To help identify the end of the log, the header contains a log sequence number, or LSN. This is a consecutively assigned counter that is unique for each log entry. LSNs are very important because the log area is repeatedly recycled. Hence, whatever bytes are left over from the last iteration may be old log entries or may look like valid log entries. These old entries must not be applied to the file system; doing so could actually damage the file system. Even a valid old entry might overwrite file data in a current file data block that was previously a directory or indirect block.
The header also contains a type
integer, which specifies the type of log entry, and hence how to parse the payload. The payload section depends on type
, and is one one of the structures defined in the following subsections. The payload immediately follows the type.

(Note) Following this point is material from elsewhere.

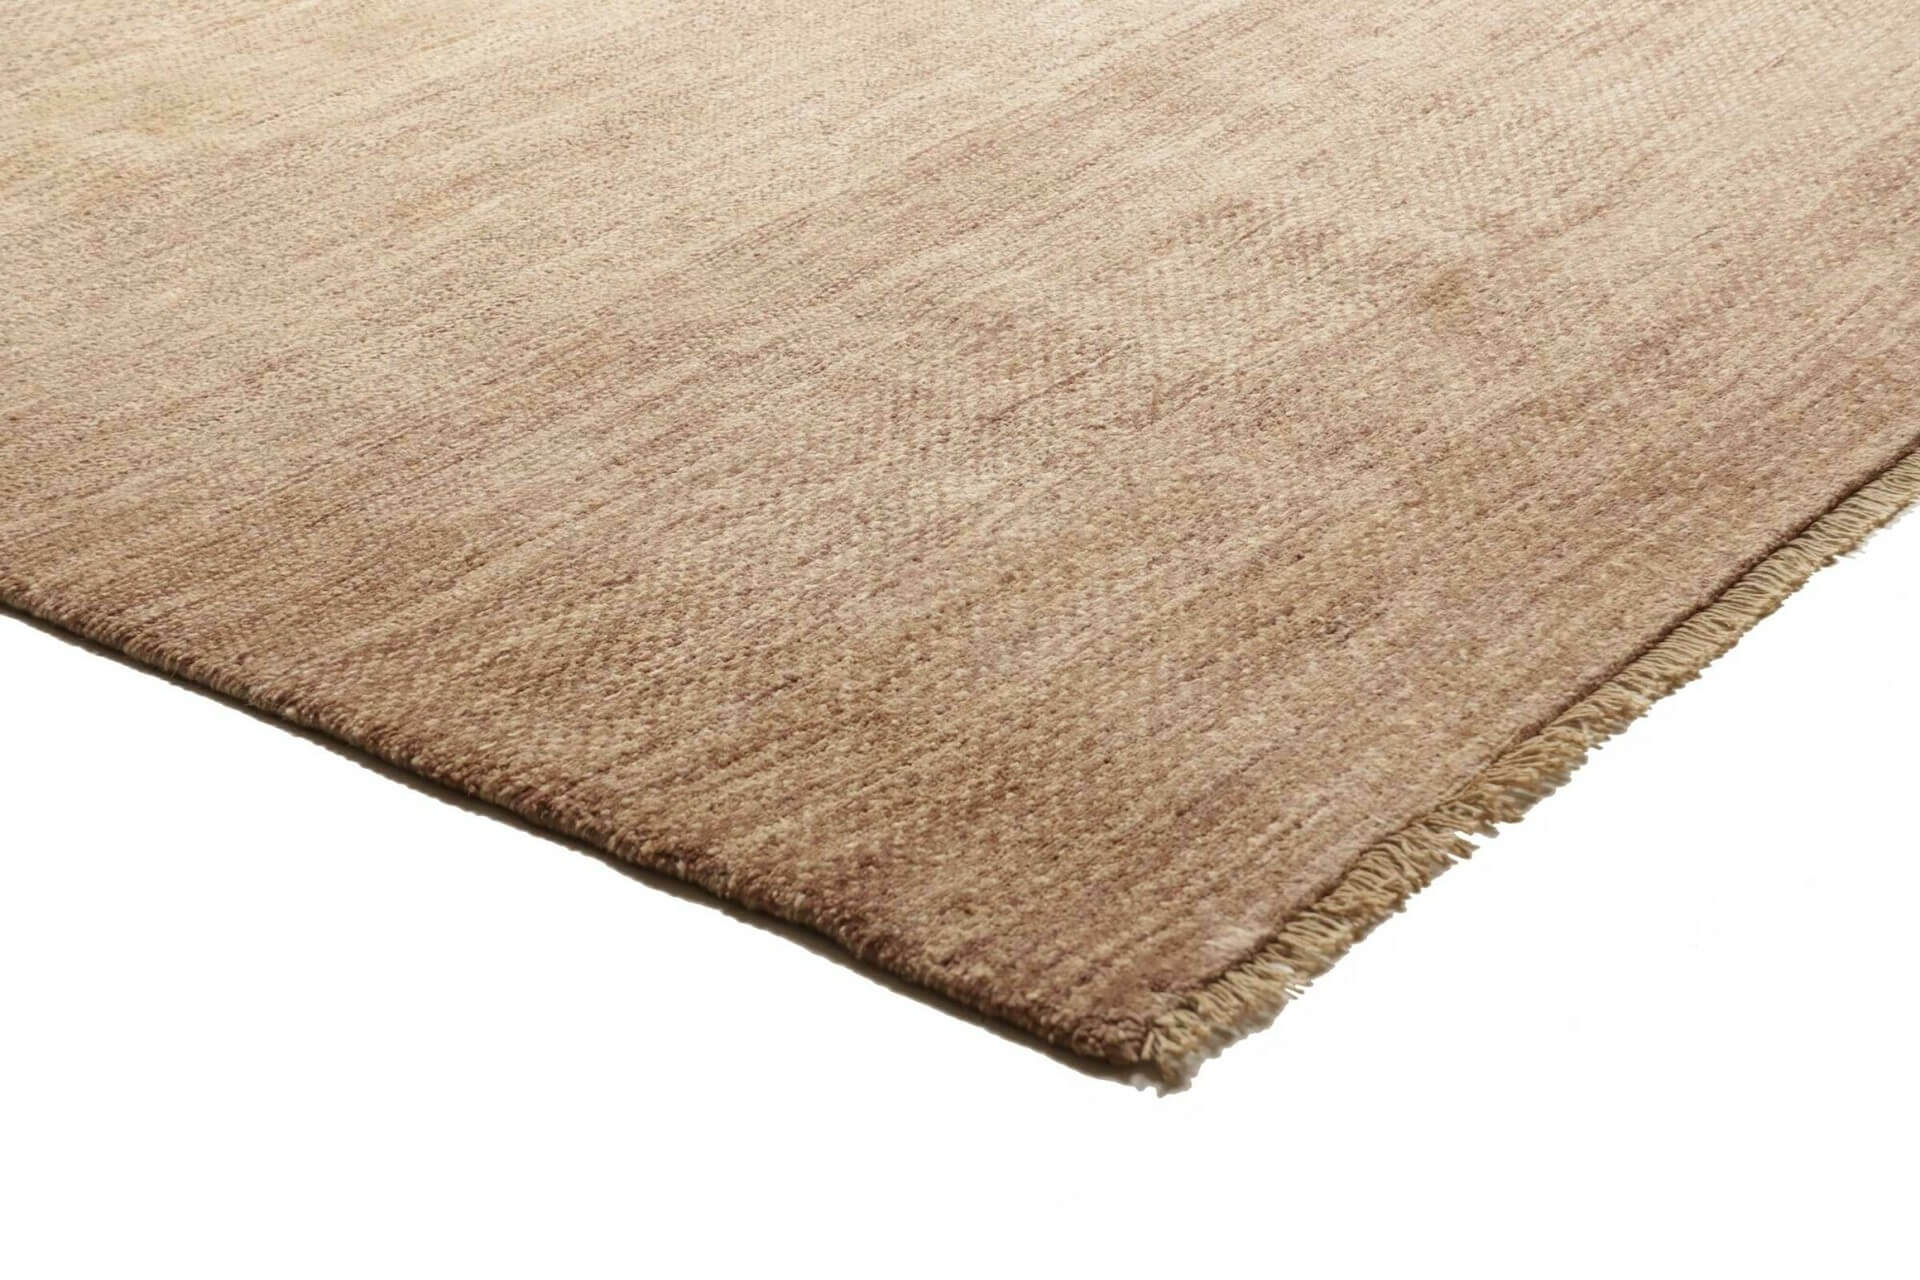 Afghanteppich Shayan, handgeknüpft aus Schurwolle, beige/braun, 197 x 296 cm, Detailansicht

Finally, the log entry ends with a footer. The footer contains another copy of the sequence number. The second copy helps detect situations in which a log entry spans a sector boundary, and hence a seemingly valid entry could actually consist of the first half of a new log entry followed by the second half of an old one. There’s still the possibility that the “right” log sequence number for the footer could appear in arbitrary payload data from an older log record. Hence, as an additional check, the footer also includes a checksum over the header and payload. The check reduces the probability of interpreting garbage as a log record by and additional factor of 2-32.
Transaction begin
struct LogBegin {
};
Ensuring file system consistency often requires writing to multiple disk locations atomically. For example, creating a file requires writing a directory entry and initialize the inode. Appending a block to a file requires writing a block pointer in the inode or indirect block and marking the block as no longer free in the freemap. Doing only one of these writes is harmful. For example, if an inode points to a block that is still marked free, the block may get cross-allocated to another inode. If a directory entry is written but the inode is not initialized, the directory will contain a link to an uninitialized inode.

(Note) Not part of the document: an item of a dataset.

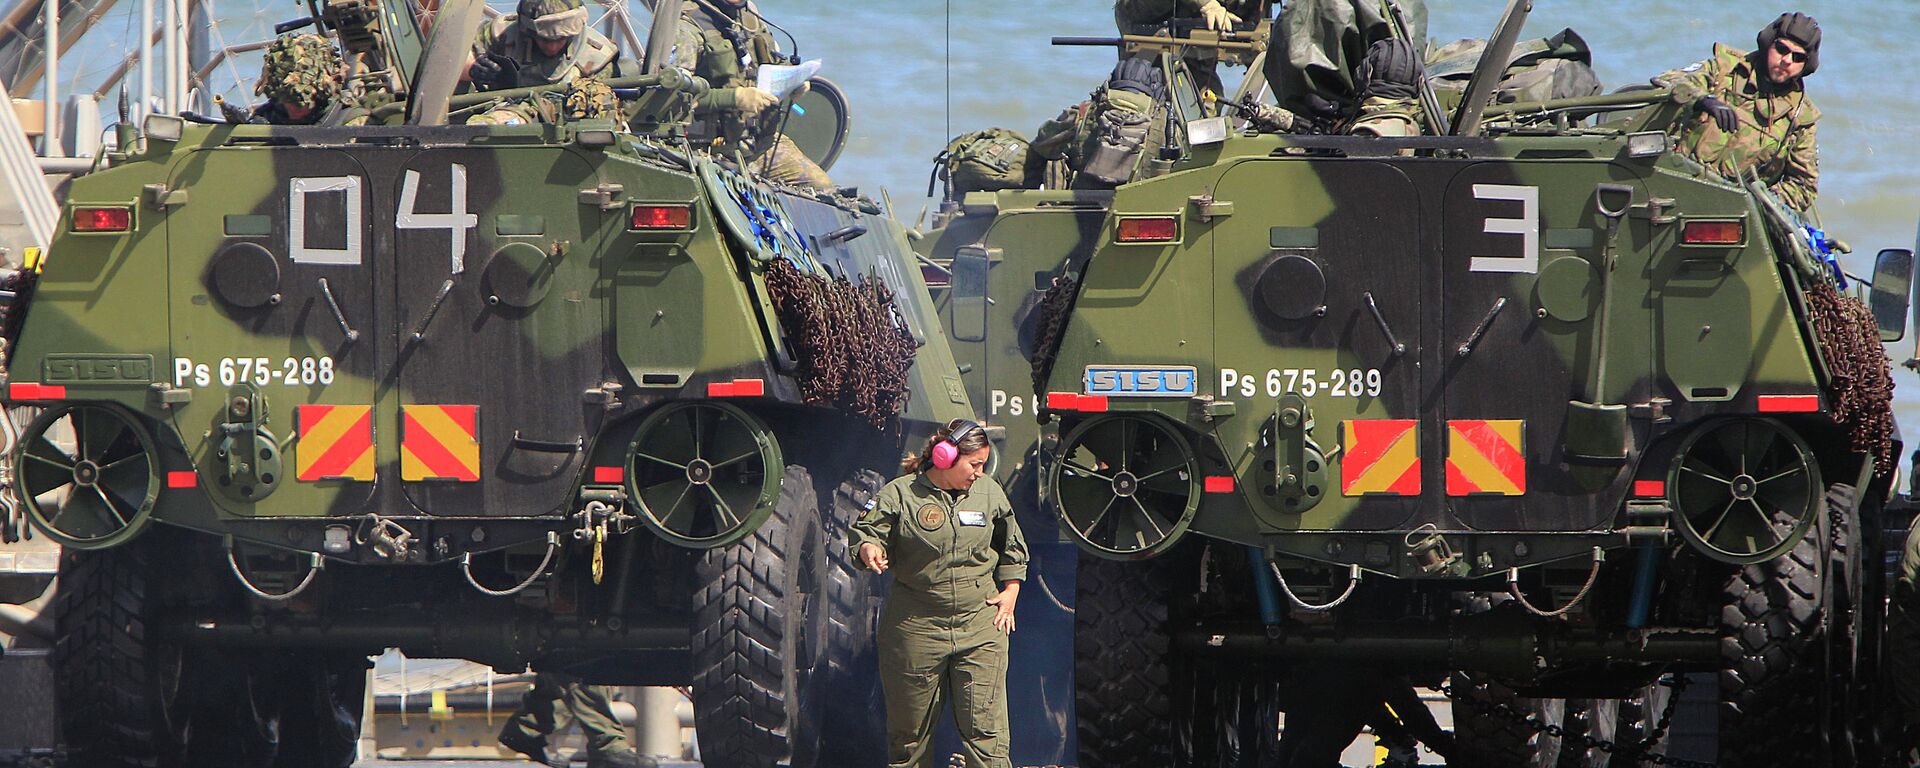 Tropas de la OTAN participan en ejercicios militares en el Mar Báltico, cerca de las fronteras con Rusia. Polonia, 17 de junio de 2015 - Sputnik Mundo, 1920, 11.03.2022

To avoid such problems, log entries that modify file system state are grouped together in atomic transactions for which either all the log entries are applied or none are applied. Transactions are bracketed by a LogBegin
at the beginning and LogCommit
entry at the end. The LogBegin
payload itself contains no data members. However, you must not apply any subsequent records unless there is also a matching LogCommit
entry. If the LogCommit
entry is missing, it means the system crashed in the middle of writing to the log, and hence applying subsequent records will likely put the file system in an inconsistent state.
Note, even though the LogBegin
payload contains zero bytes, the entry still has a header and footer. The header contains an LSN and a type byte signifying that this is a LogBegin
, while trailer ensures integrity of the log entry as usual.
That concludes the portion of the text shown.